The entries below contain pictures. Write out only the lines from the line with "Eugène GALIEN-LALOUE 1854-1941 花市，雪中的玛德莱娜广场" up to and including the line with "10.8 x 17.2 厘米", exactly, without them.

GIVEN DATA:
|---|

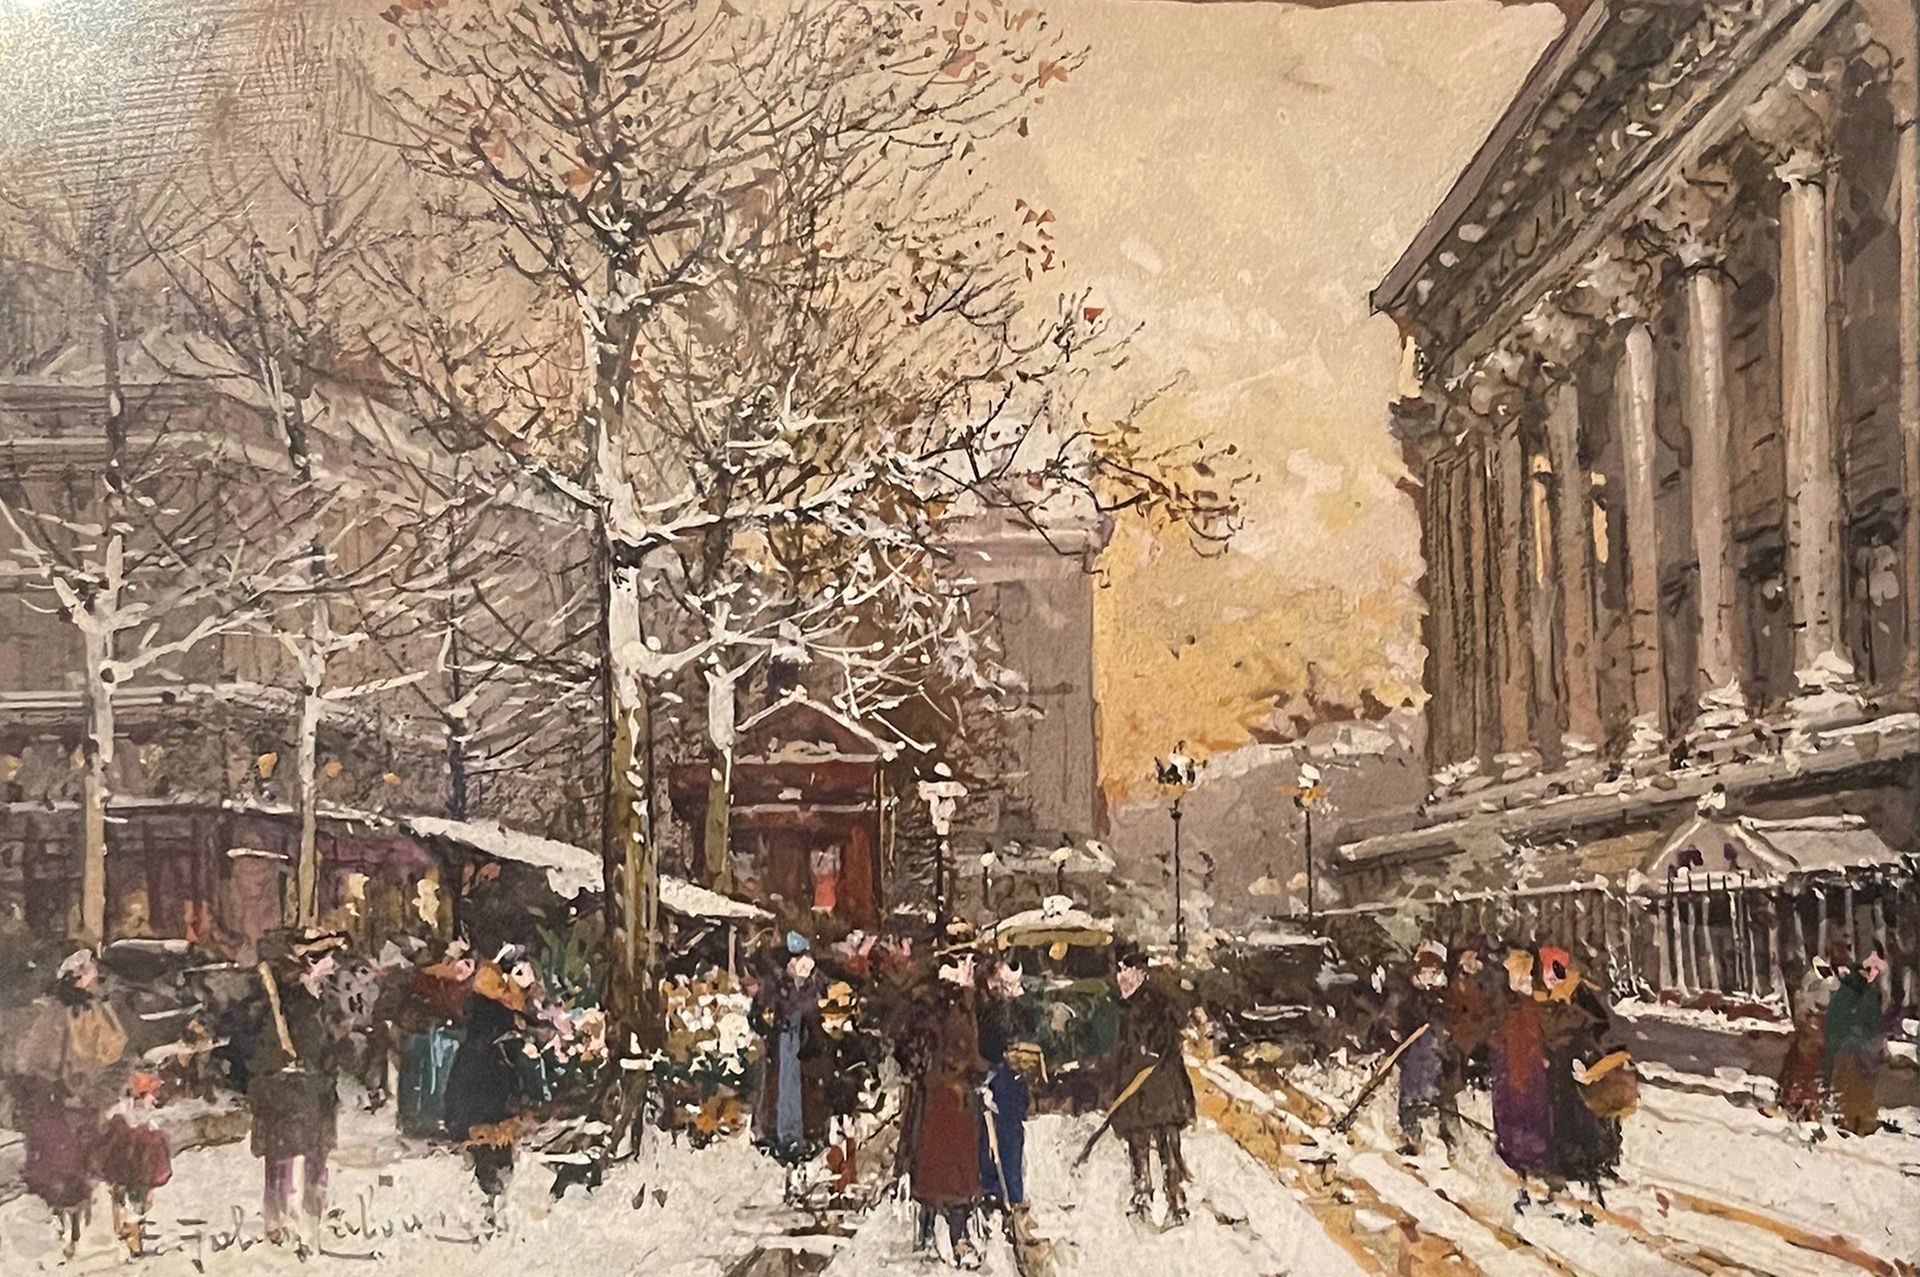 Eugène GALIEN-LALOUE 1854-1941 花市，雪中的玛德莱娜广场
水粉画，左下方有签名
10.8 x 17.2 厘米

|---|

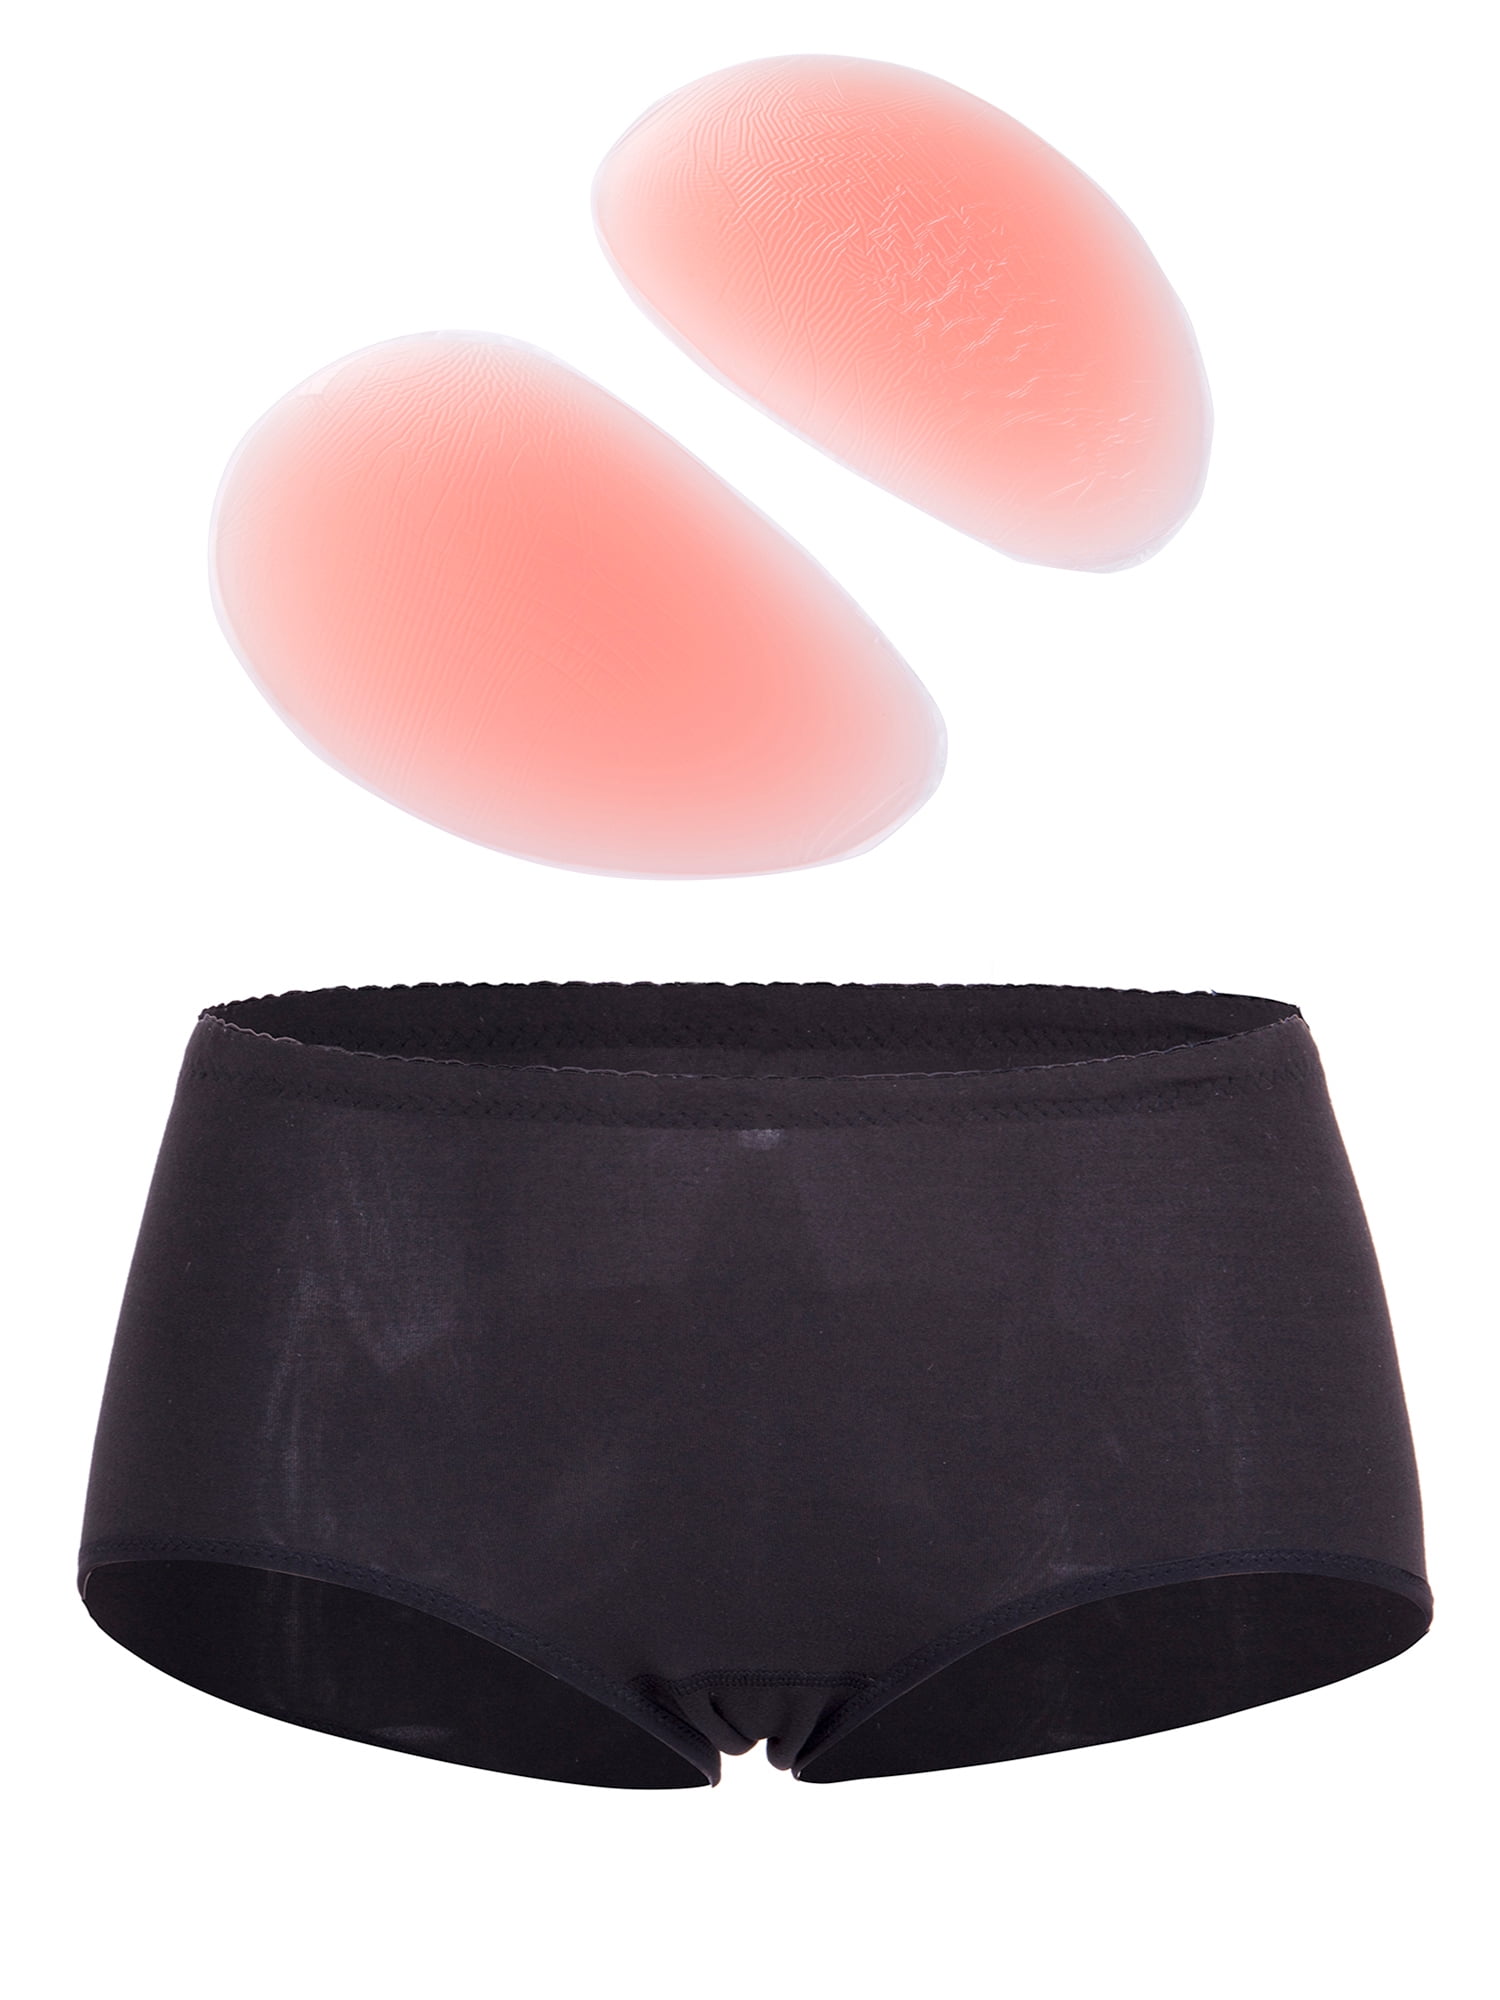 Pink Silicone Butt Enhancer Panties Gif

|---|

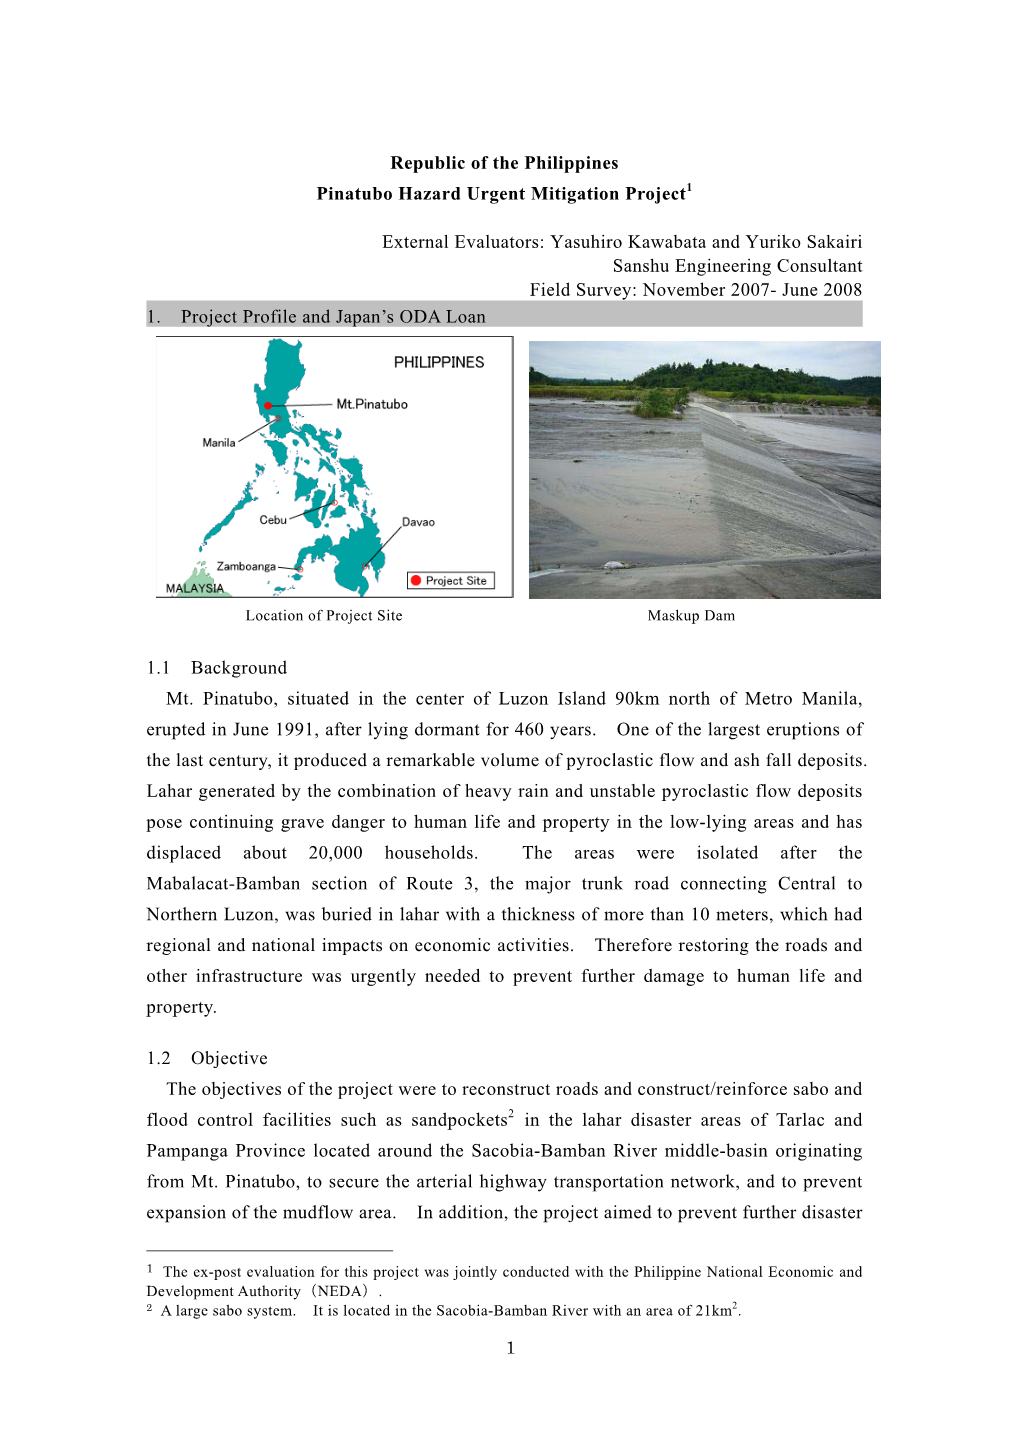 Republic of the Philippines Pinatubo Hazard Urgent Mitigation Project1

|---|

WRITTEN RESPONSE:
 Eugène GALIEN-LALOUE 1854-1941 花市，雪中的玛德莱娜广场
水粉画，左下方有签名
10.8 x 17.2 厘米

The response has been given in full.